Abelson murine leukemia virus

Virus classification
- (unranked): Virus
- Realm: Riboviria
- Kingdom: Pararnavirae
- Phylum: Artverviricota
- Class: Revtraviricetes
- Order: Ortervirales
- Family: Retroviridae
- Genus: Gammaretrovirus
- Species: Murine leukemia virus
- Virus: Abelson murine leukemia virus

= Abelson murine leukemia virus =

Retrovirus

The Abelson murine leukemia virus (Ab-MLV or A-MuLV) is a retrovirus (Class VI) used to induce malignant transformation of murine lymphoid cells. As a retrovirus, it has a single-stranded, positive sense RNA genome which replicates via a DNA intermediate mediated by a reverse transcriptase. The Abelson murine leukemia virus is named for the American pediatrician Herbert T. Abelson, who together with Louise S Rabstein, first described and isolated it.

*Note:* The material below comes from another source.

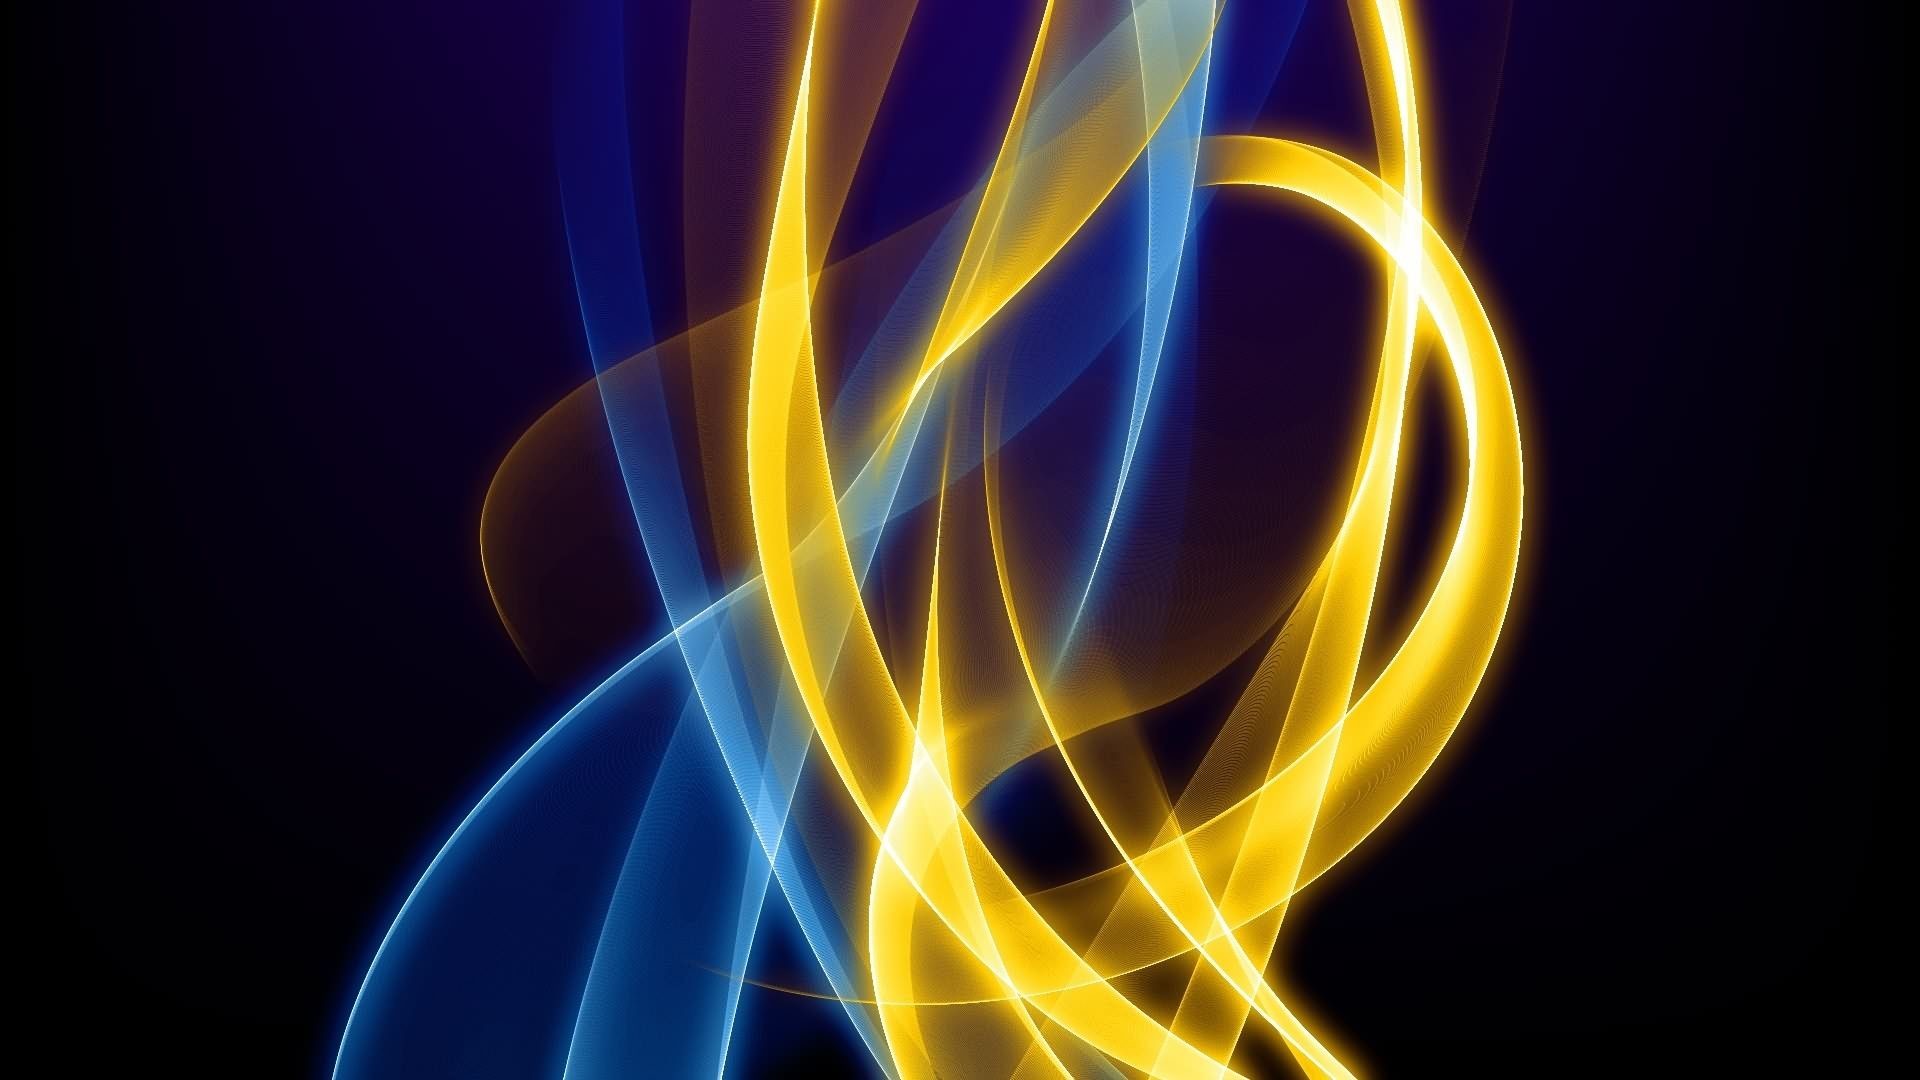 Royal Blue And Gold Wallpaper Data-src - Maize And Blue Background -  1920x1080 Wallpaper

A-MuLV causes a rapidly progressive lymphosarcoma known as Abelson disease in mice, which is a type of leukemia that does not involve the thymus. However, this is only possible when the host cell is co-infected with a helper virus which provides functions it needs to be able to replicate which it does not code for in its own genome such as a reverse transcriptase and some major structural proteins. As such, A-MuLV can be described as a dependovirus. A highly efficient helper virus commonly used when growing A-MuLV in vitro is Moloney murine leukemia virus (M-MuLV). It causes leukemia directly by interfering with the normal growth and differentiation processes of lymphocytes. It can infect B-cells which was shown by the fact that some tumor cells can be seen to have immunoglobulins (Ig) on their surface although most tumor cells do not have characteristic receptors on their surface indicating that they are undifferentiated cells. In vitro studies have shown that lymphocyte infection produces tumor cell populations comprising three types of cells: stable productive cells, non-productive cells and cells which produced defective virus particles which are not infective.